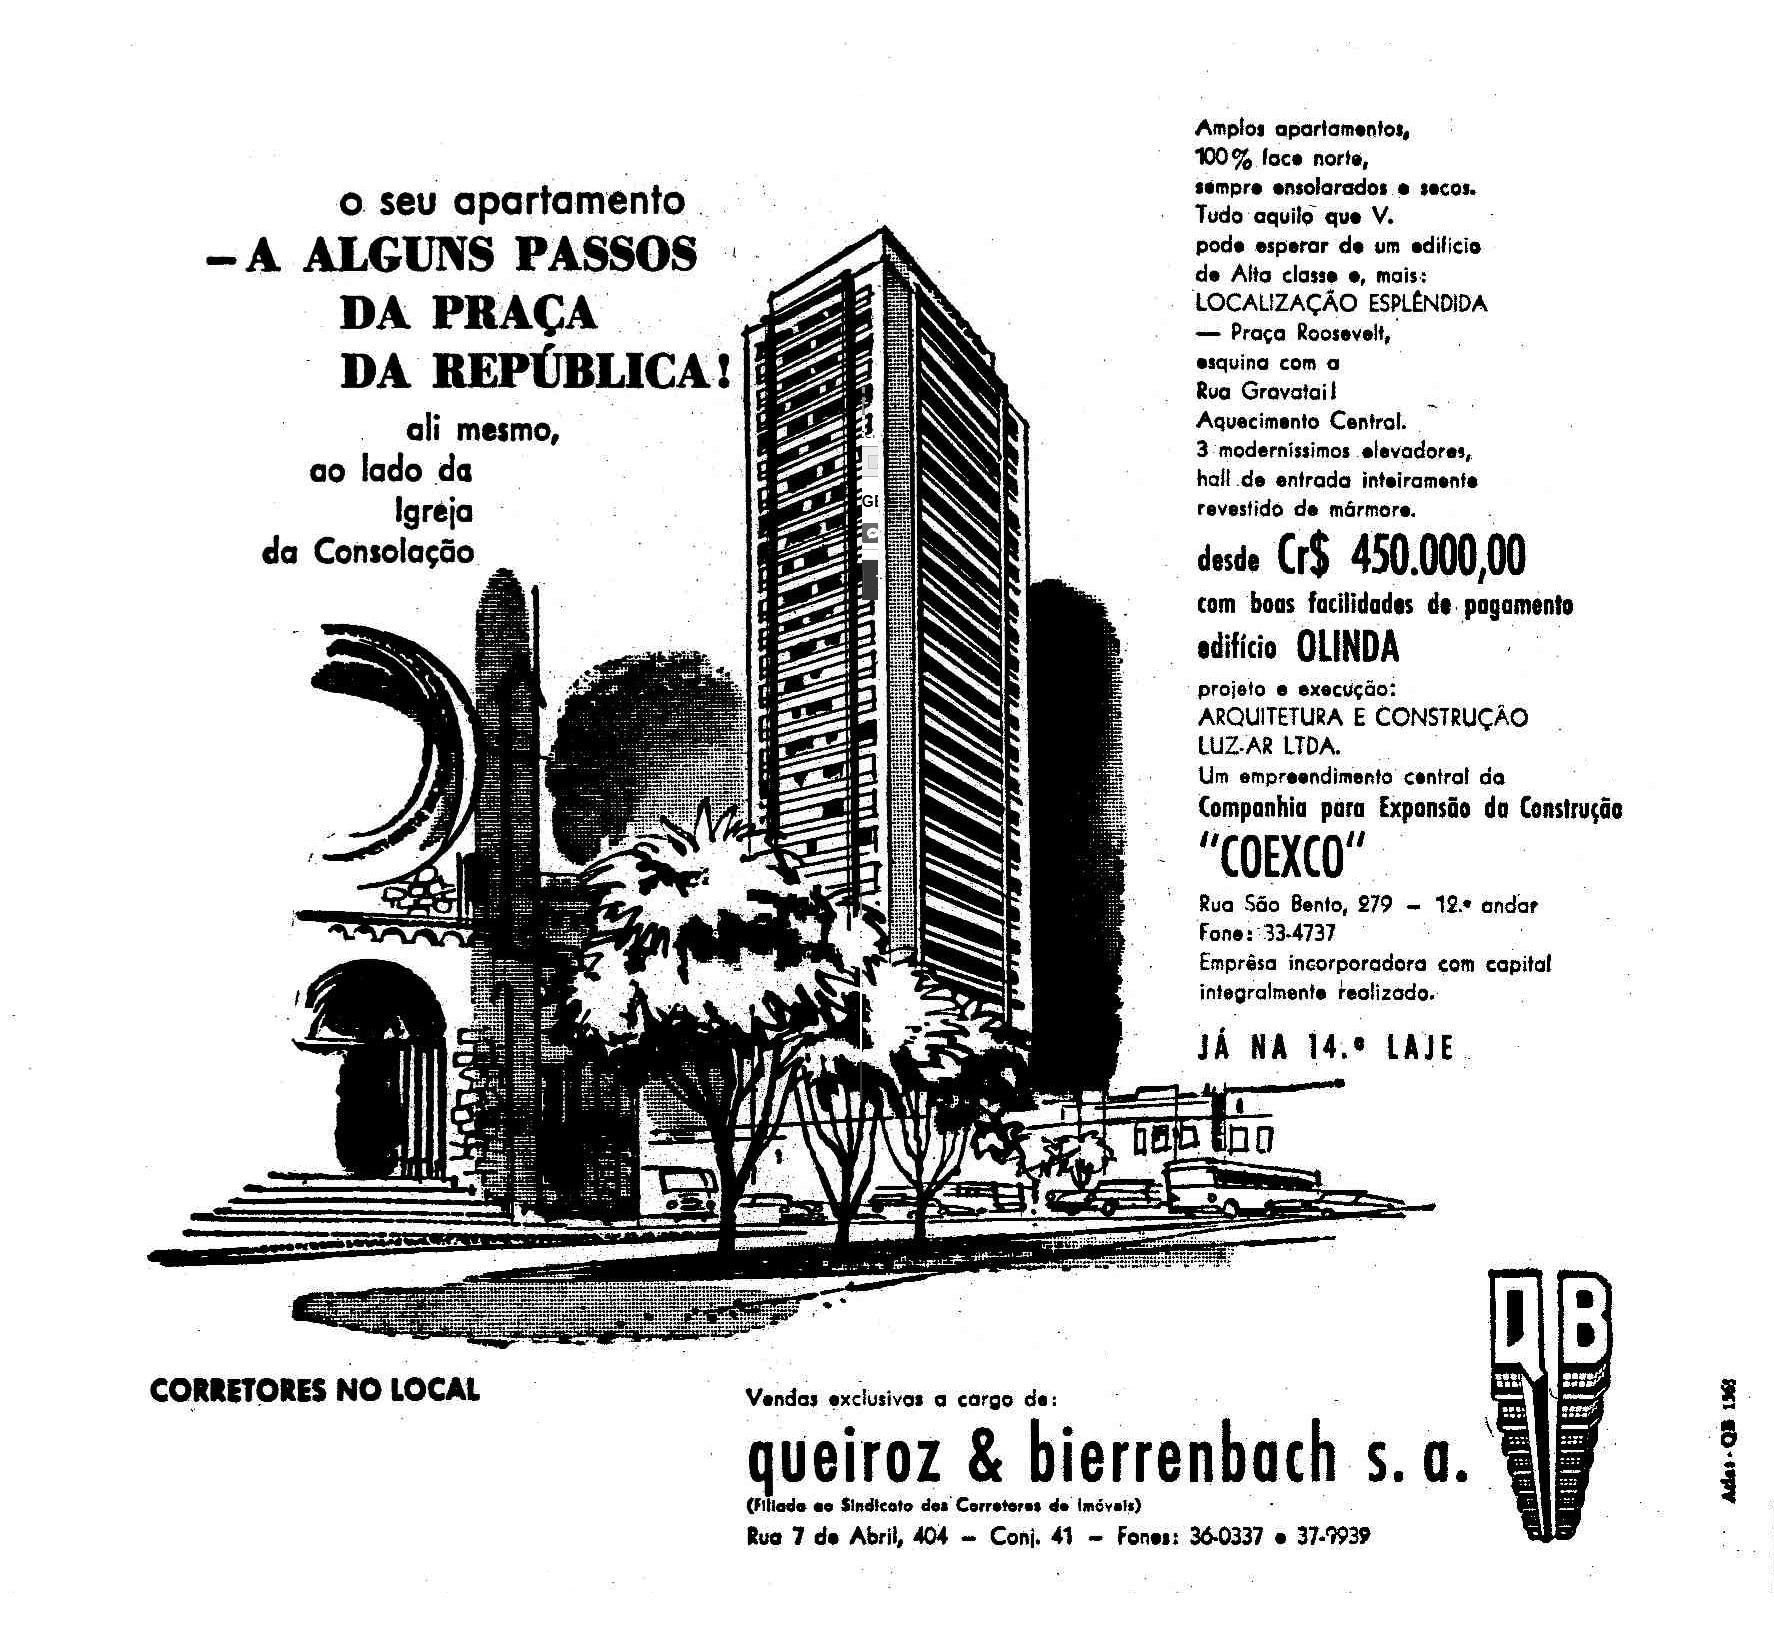 edifício olinda
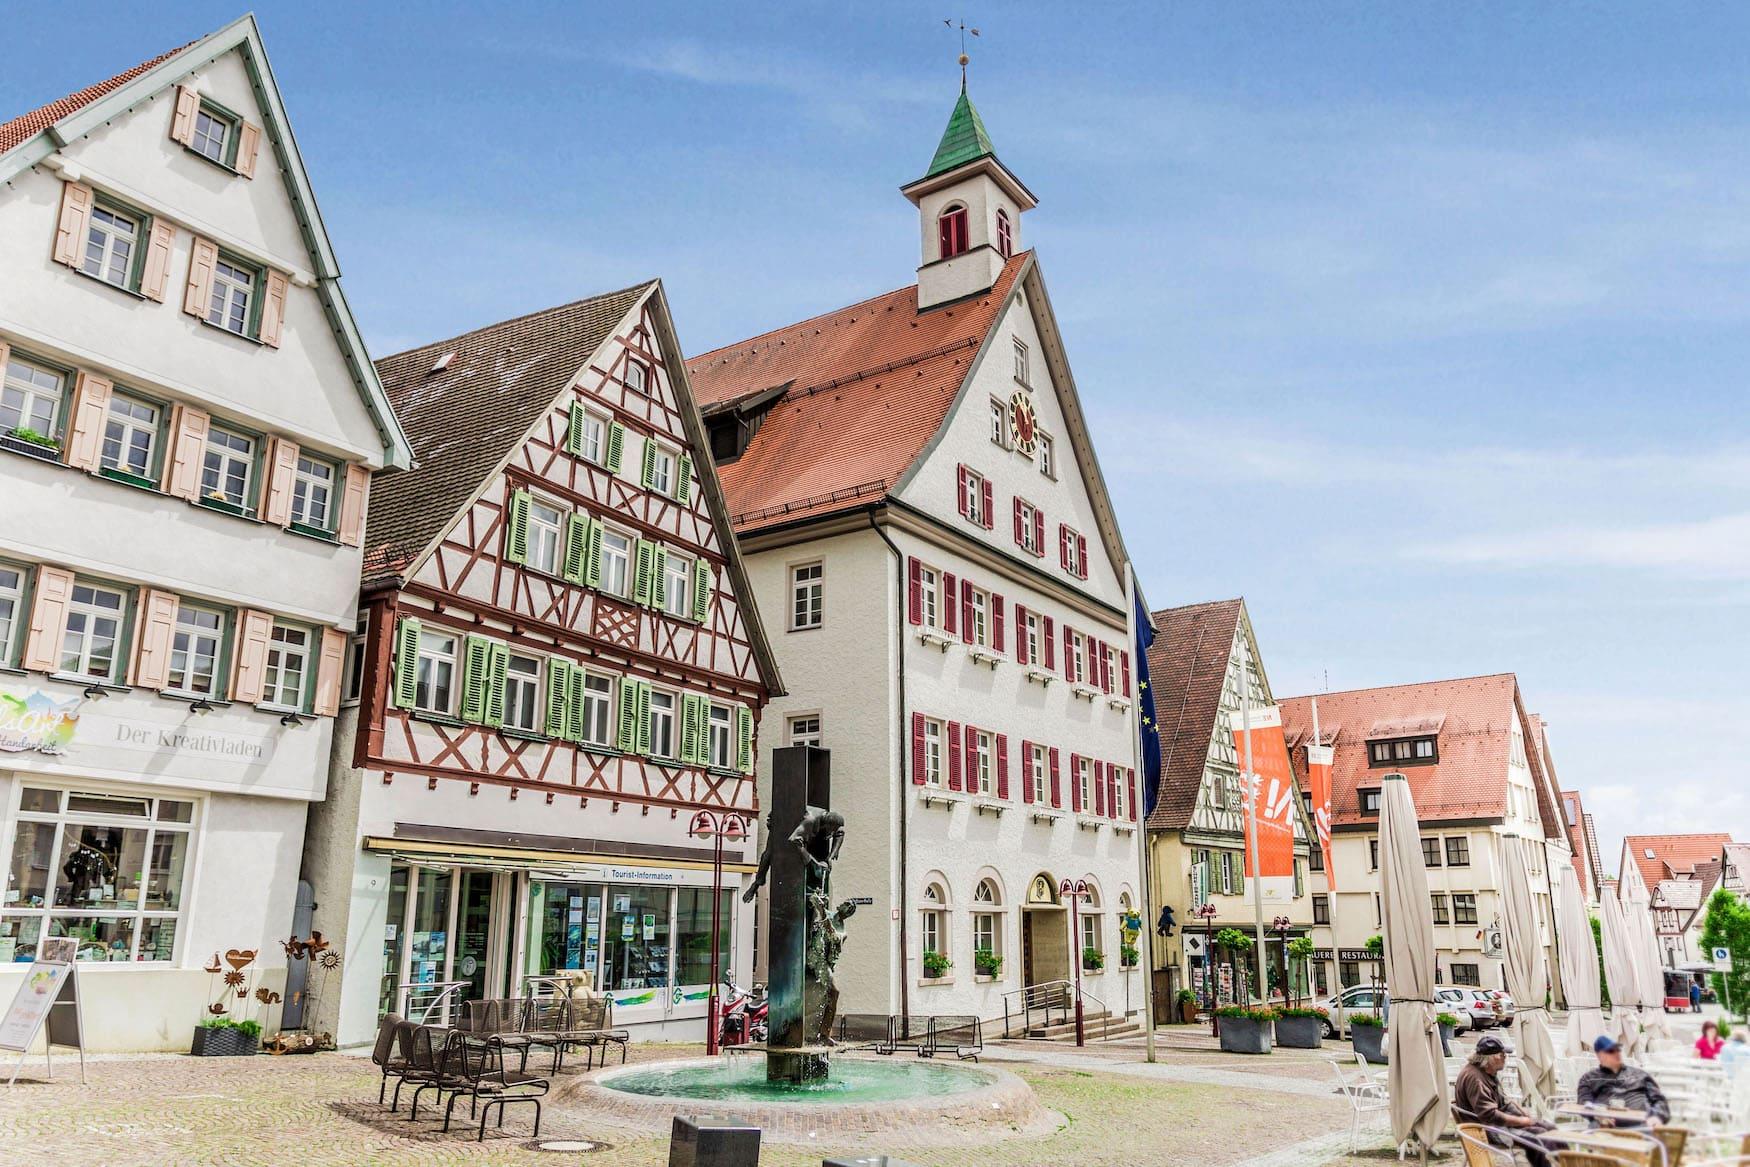 Platz mit Brunnen in der Stadt Giengen an der Brenz
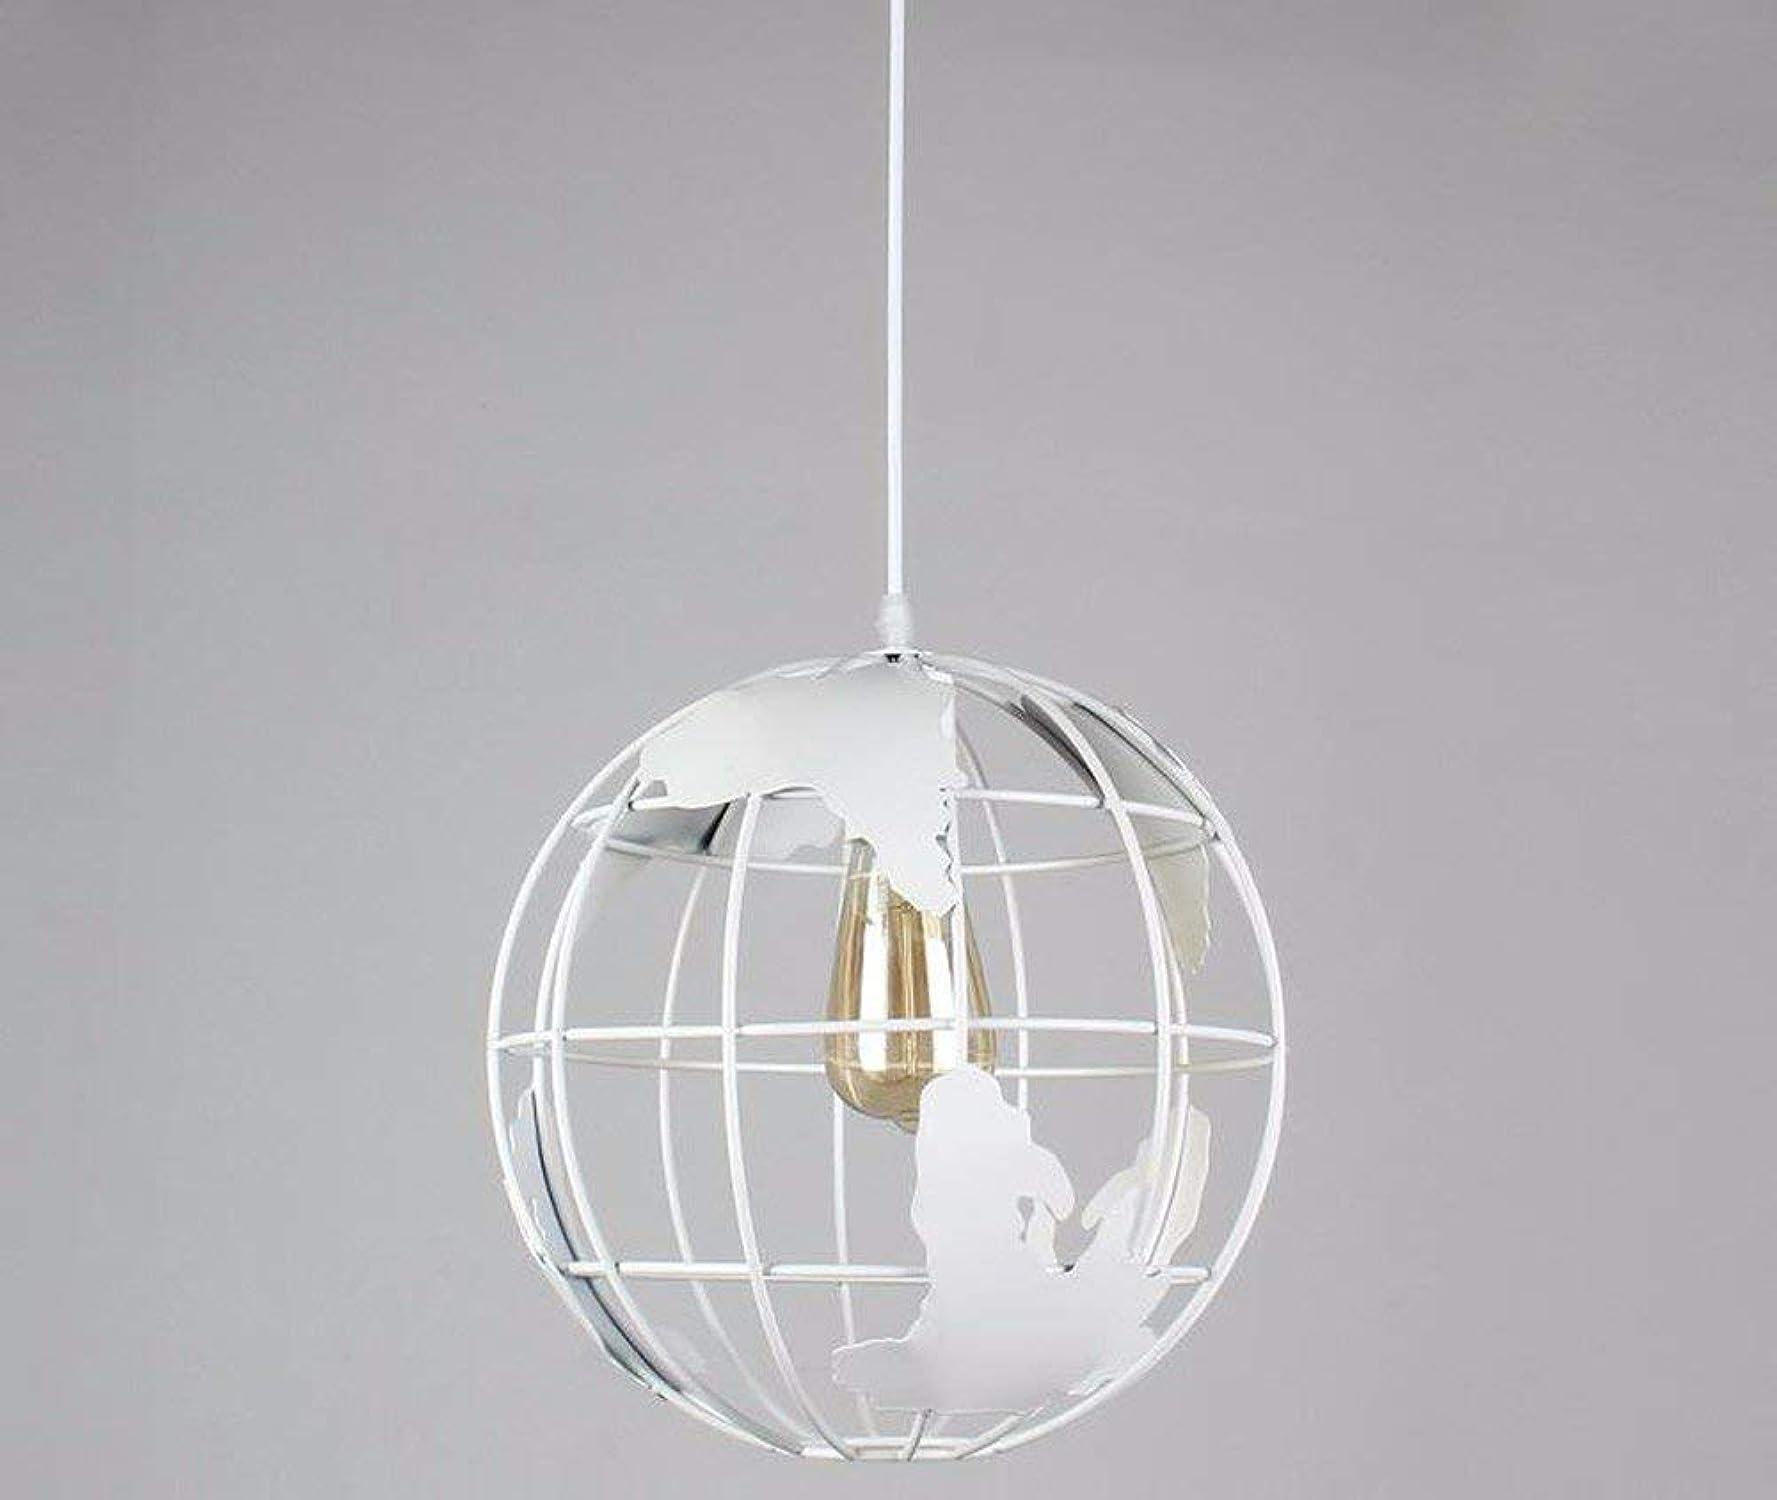 YT-ER Pendentif Lumière Pendentif Lampe Lustre Restaurant Bar Lampe de Bureau Globe Personnalité Fer Art Blanc Diameter30Cm111

........

PROBLEM DETAILS: Apart from the pictures, restate all of the listing above exactly.

SOLUTION FOR THIS EXERCISE:
 edifício olinda
 Platz mit Brunnen in der Stadt Giengen an der Brenz
 YT-ER Pendentif Lumière Pendentif Lampe Lustre Restaurant Bar Lampe de Bureau Globe Personnalité Fer Art Blanc Diameter30Cm111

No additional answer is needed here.